▸ Your task
Output the data verbatim, minus the images.

▸ Dataset excerpt
────
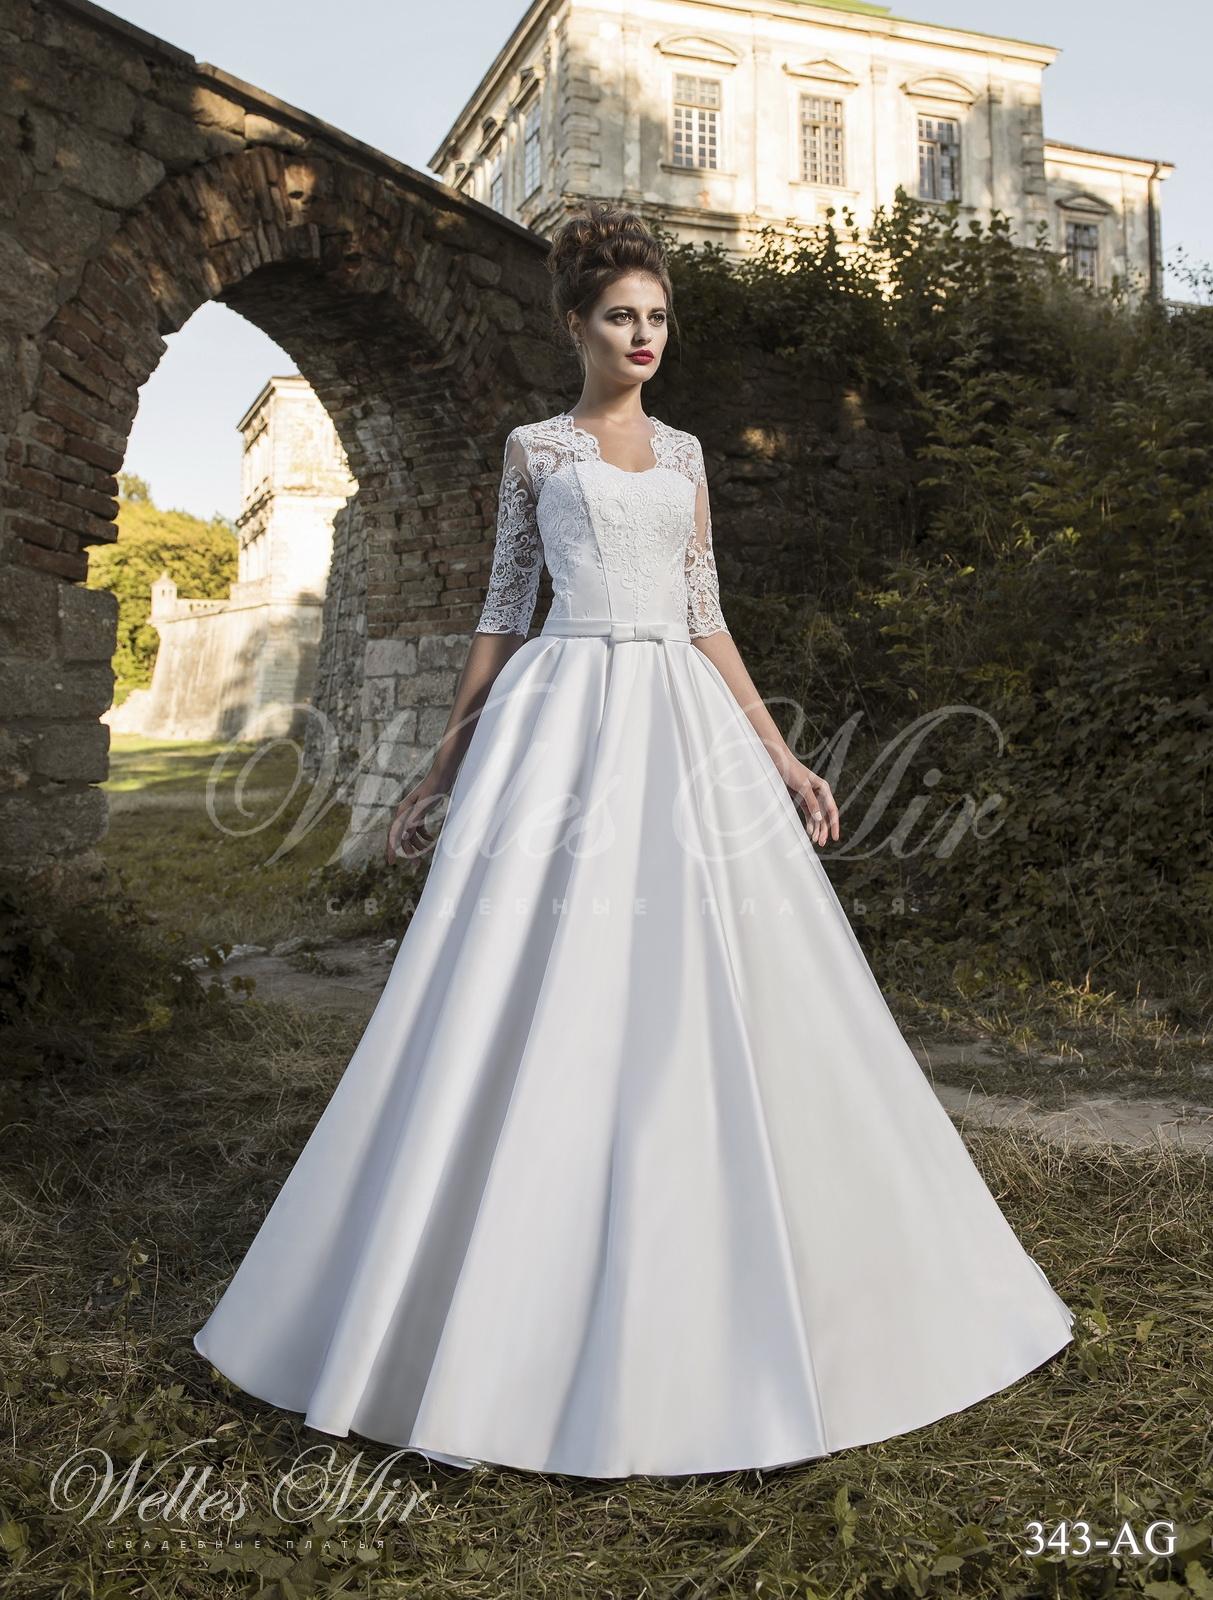 Свадебные платья Exquisite Collection - 343-AG
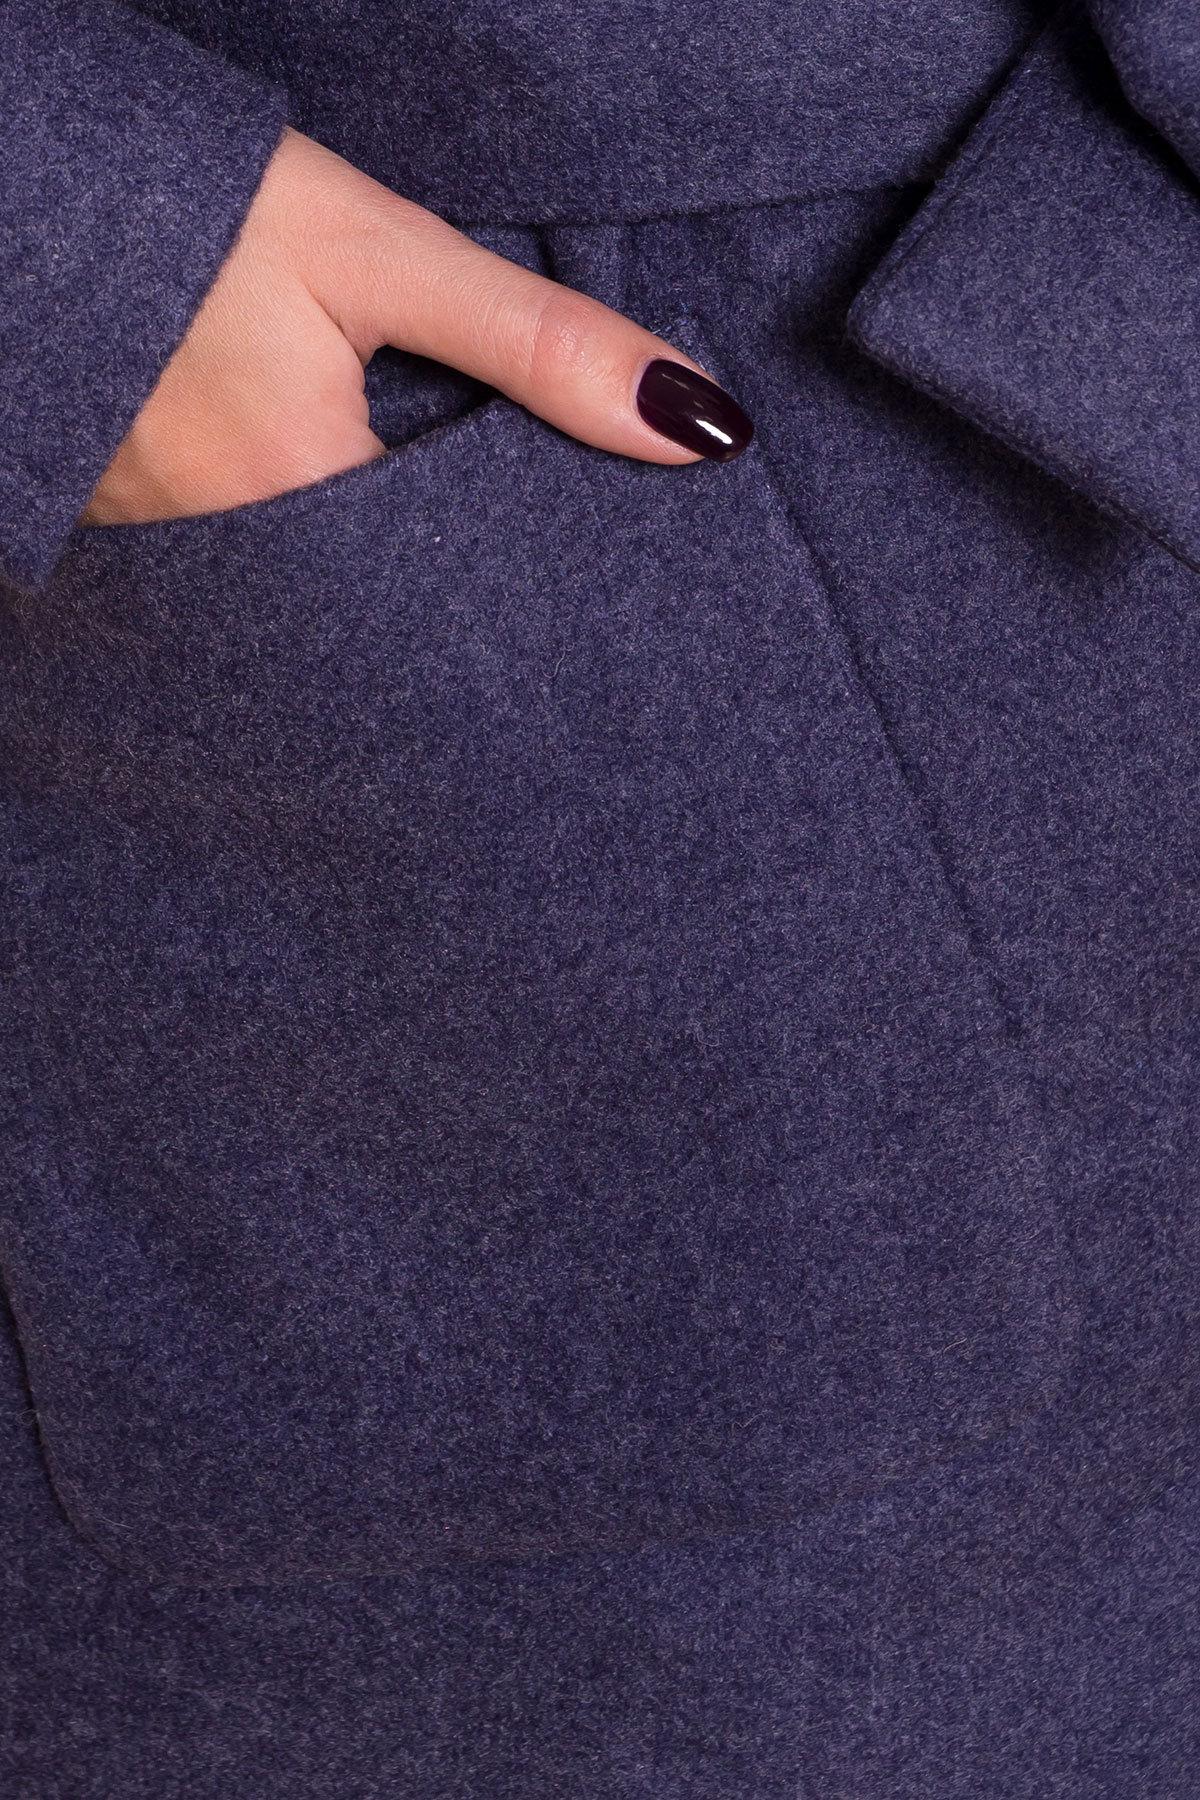 Пальто на весну-осень Габриэлла 4459 АРТ. 37561 Цвет: Джинс - фото 6, интернет магазин tm-modus.ru
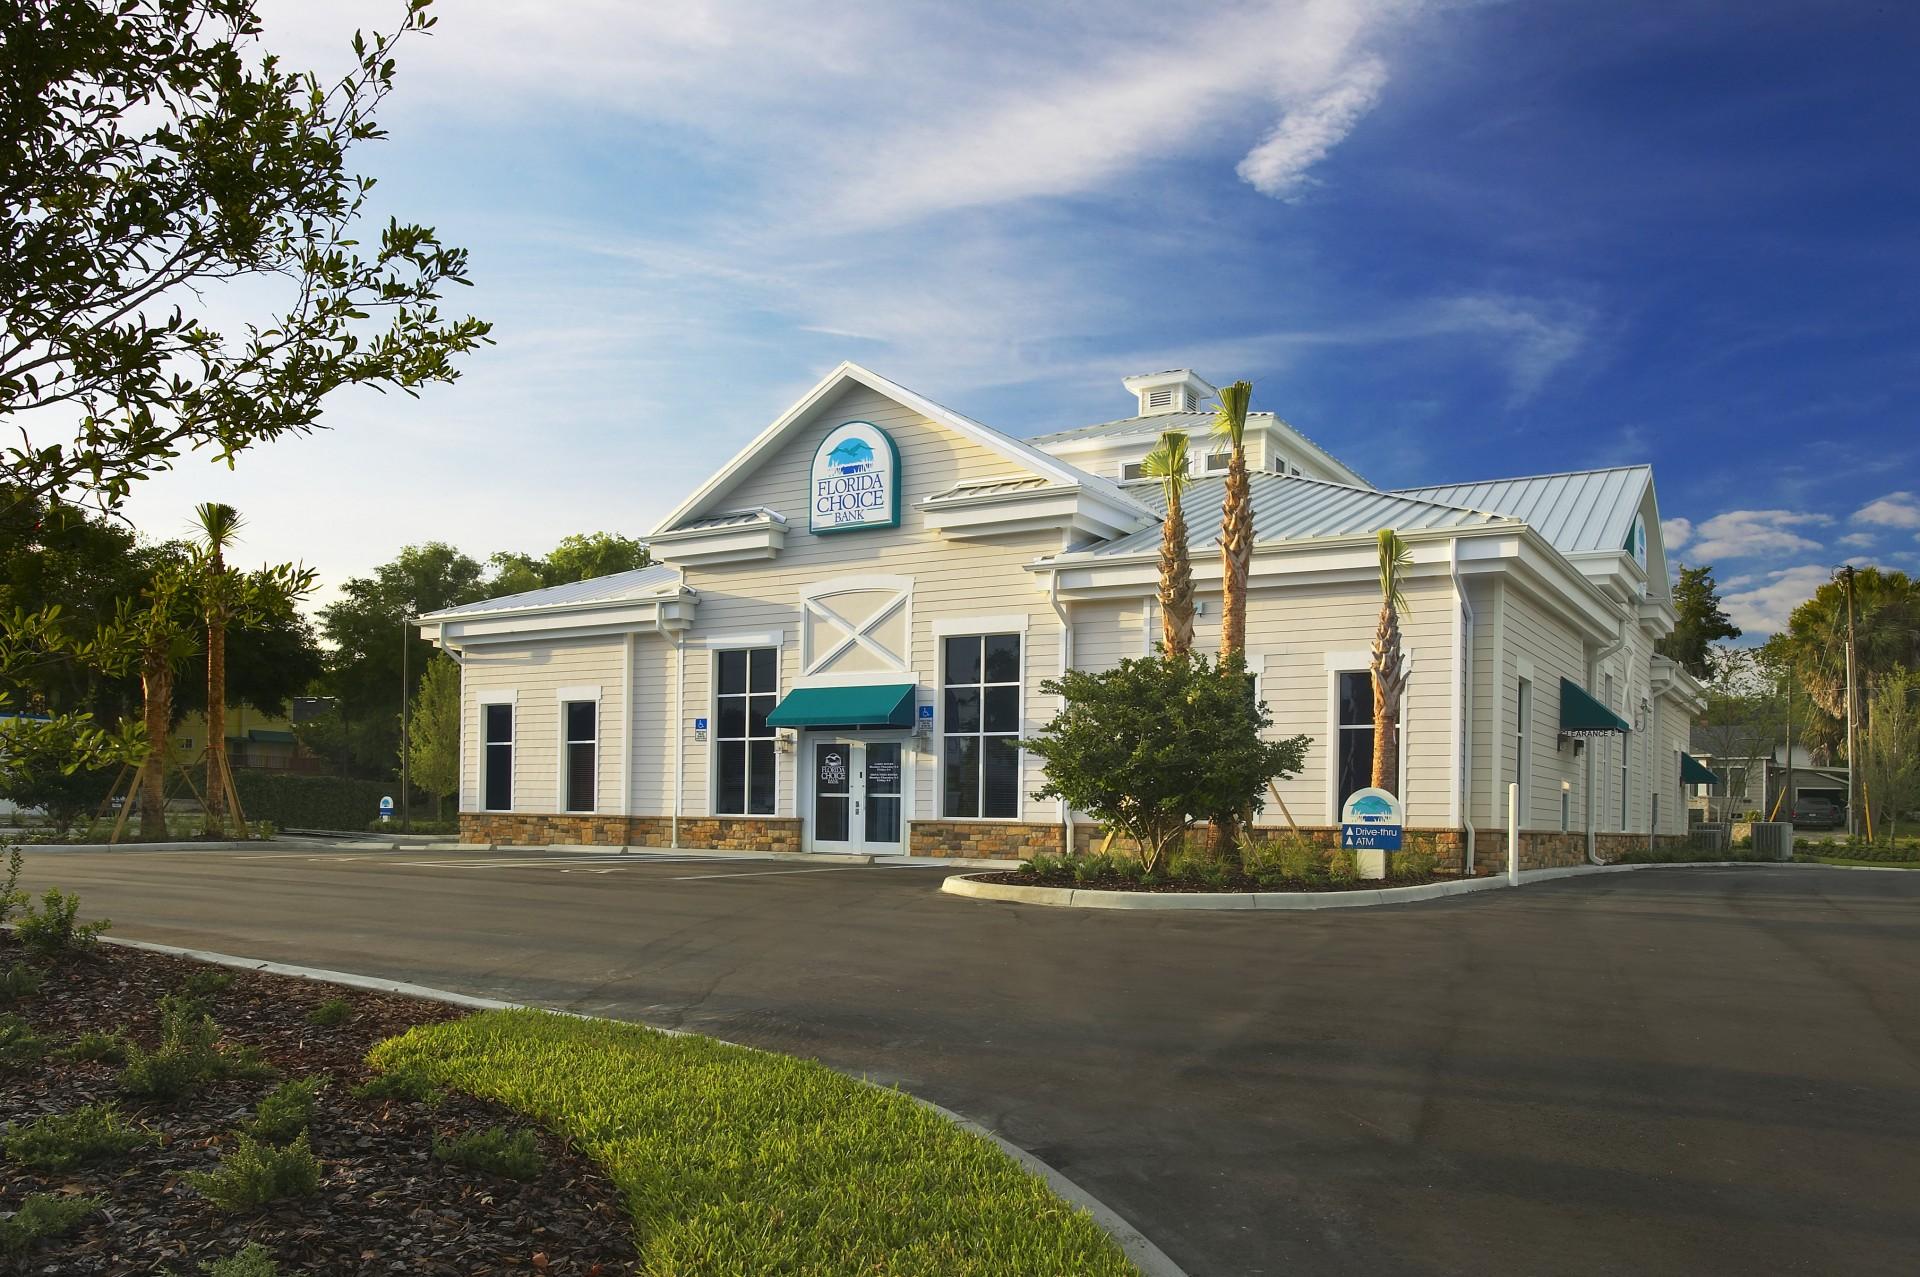 RBC FLORIDA CHOICE BANK1
────
▸ Reply
 Свадебные платья Exquisite Collection - 343-AG
 Пальто на весну-осень Габриэлла 4459 АРТ. 37561 Цвет: Джинс - фото 6, интернет магазин tm-modus.ru
 RBC FLORIDA CHOICE BANK1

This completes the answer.